Certain food supplements can be beneficial:

  • In hot, humid weather, electrolytes help to compensate for losses through perspiration and promote hydration.
  • For sensitive horses or during intense exercise,antioxidant-based supplements (vitamin E, selenium, SOD such as Myostem Protec) support muscle cells.

Myositis can affect a horse’s daily comfort and sporting performance.

How can you help your horse during a bout of bleeding?

Treatments include:

  • Gentle diuretic care products.
  • Anti-oxidant supplements.
  • Electrolytes to compensate for sweating.

To treat blood stroke in horses, it is essential to follow certain steps. Avoid moving the horse so as not to aggravate the muscular destruction. If the horse moves on its own, place it in a calm, familiar environment. Rest is essential until the muscle enzymes have returned to normal, and the horse should resume work very gradually.
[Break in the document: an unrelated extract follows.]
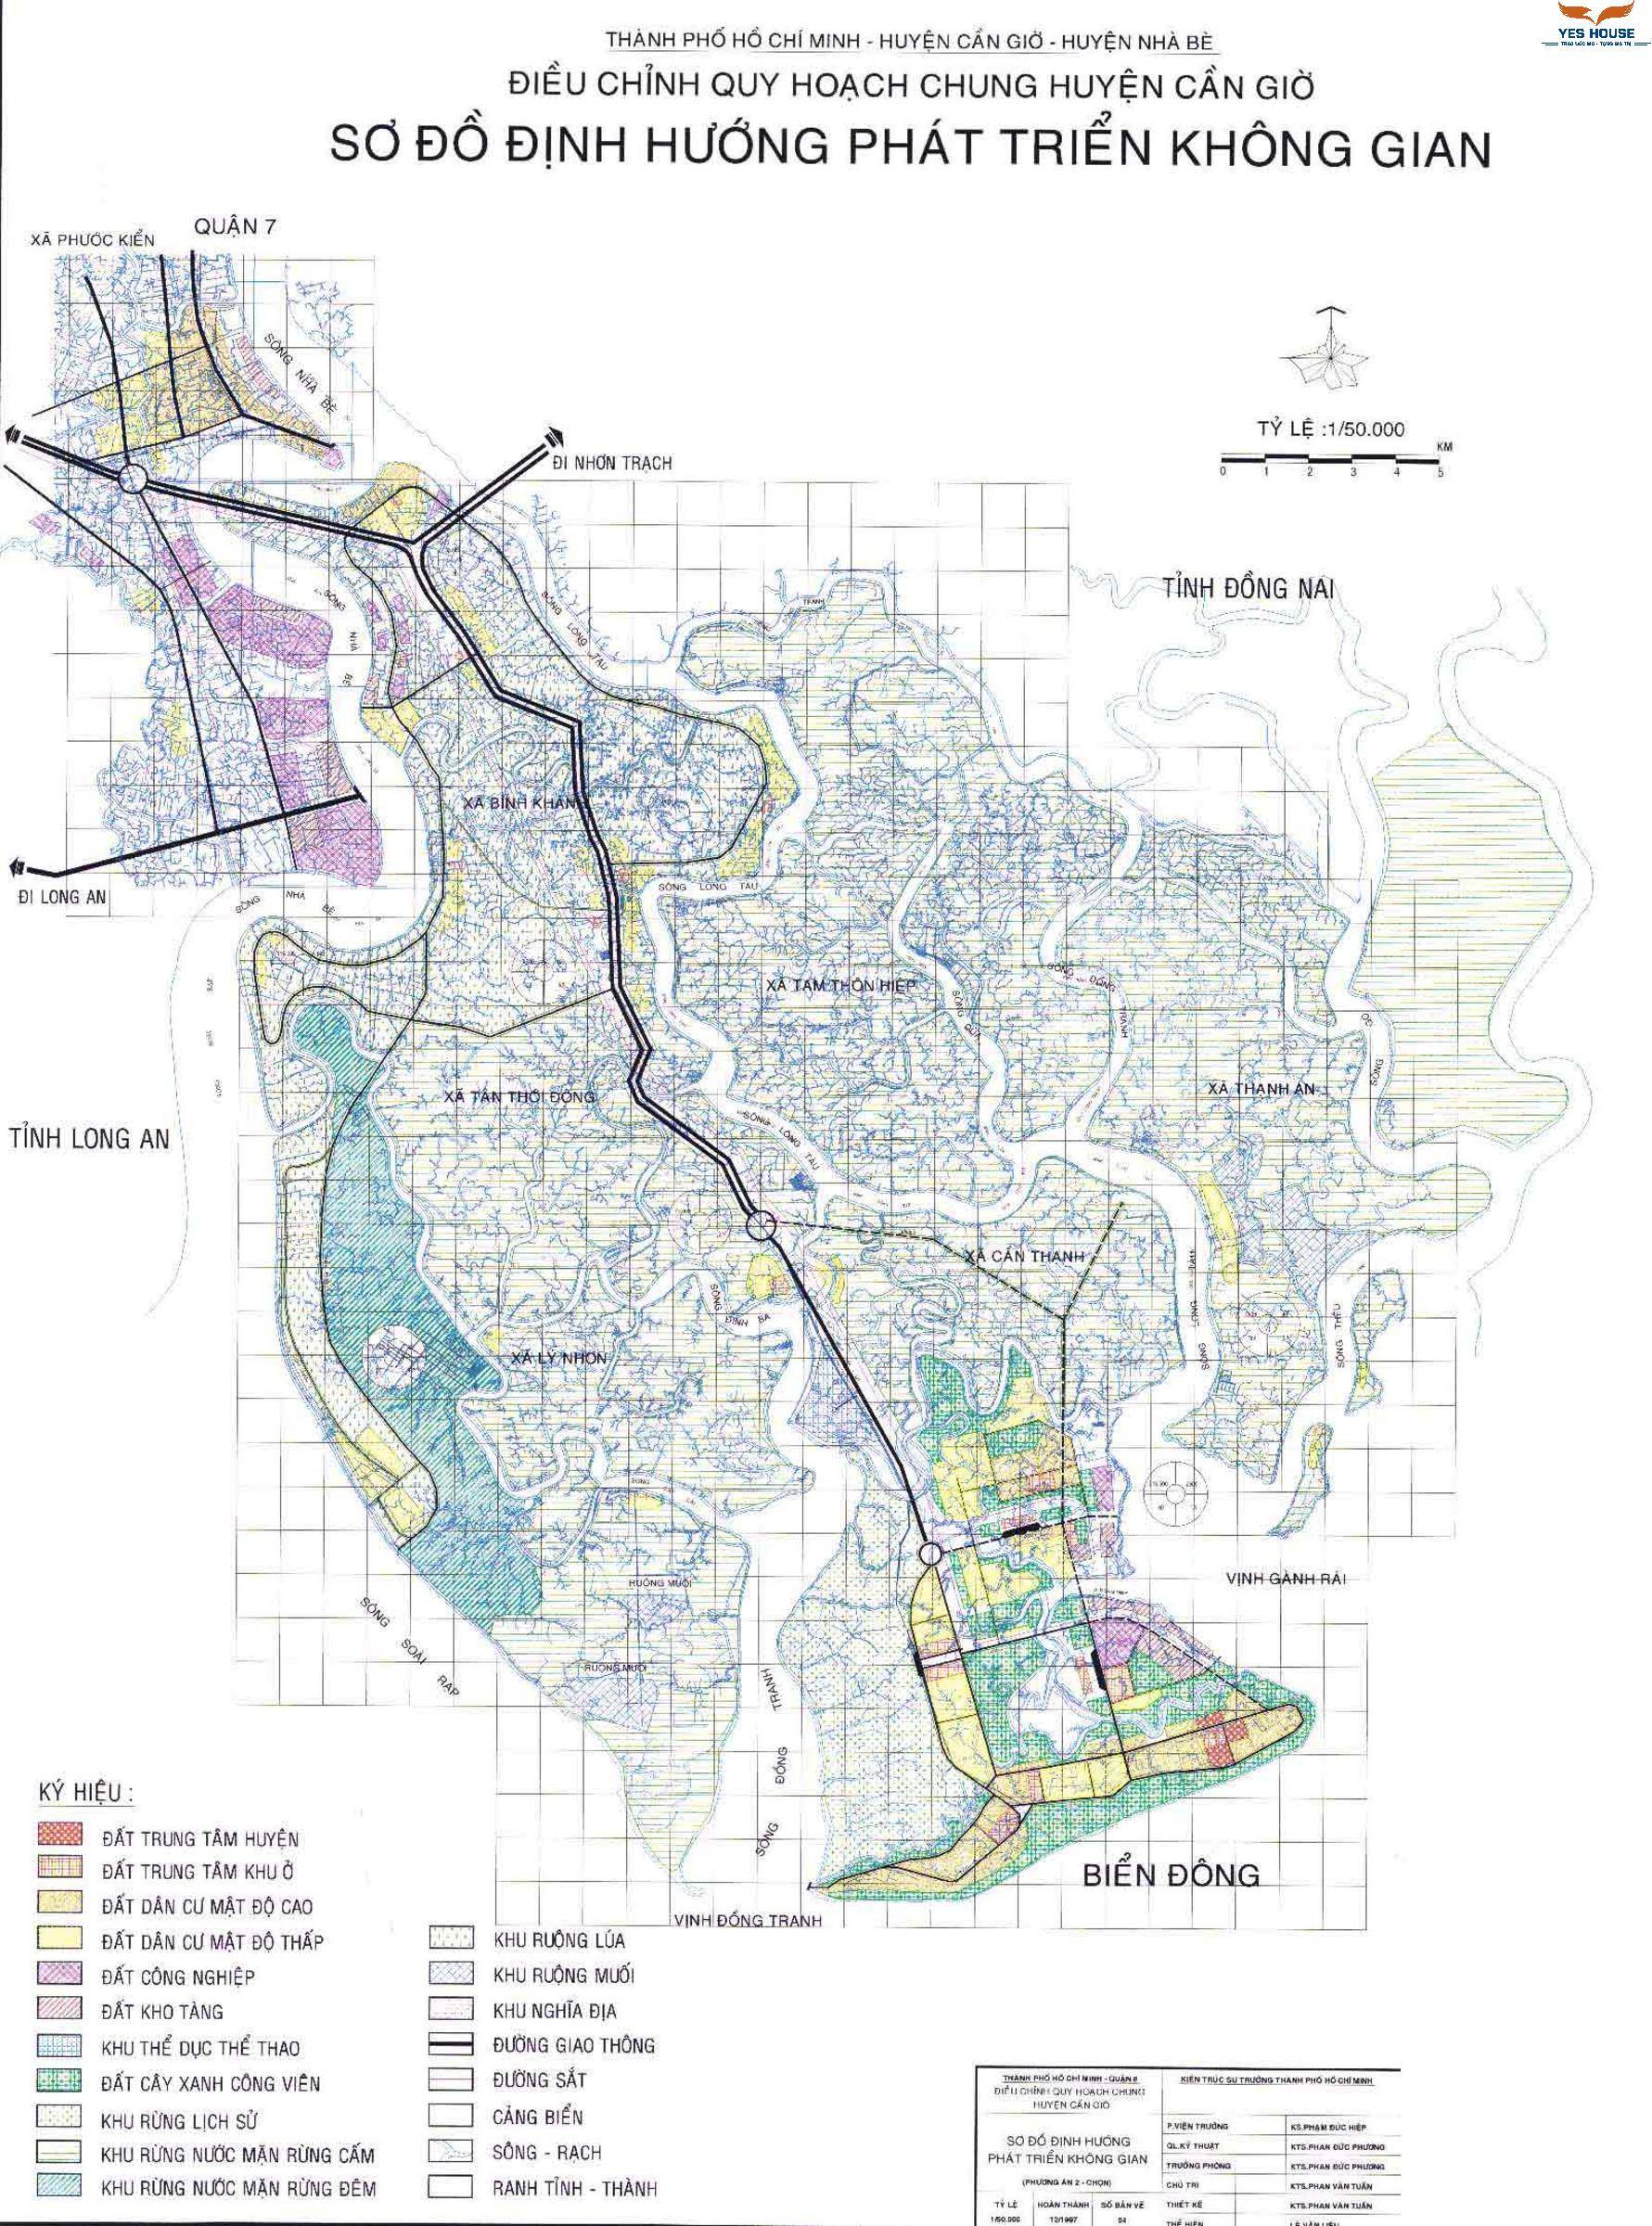 Sơ đồ định hướng phát triển không gian huyện Cần Giờ giai đoạn 2021 - 2030 - Quy hoạch huyện Cần Giờ - Yeshouse

Be careful not to administer medication to a dehydrated animal, as this can damage the kidneys. If myositis is suspected, the vet can start various treatments even before the results of the blood test are available:

The vet will advise you on how to manage the recovery period. The horse will be rested and will not return to work until the symptoms have completely disappeared, generally between 15 days and a month after the attack. A draining cure during convalescence may be recommended. Diuretic supplements such as dandelion or milk thistle (e.g. Ekyrenal) can also help the horse recover.

For horses with chronic myositis, regular activity is recommended, as attacks are less severe. Avoid moving the horse on foot, even for short distances; use a van or lorry. Keep the horse cool to prevent thermal shock. Prepare the horse for the effort it will have to put in with appropriate training and ensure a good balance between feed and effort.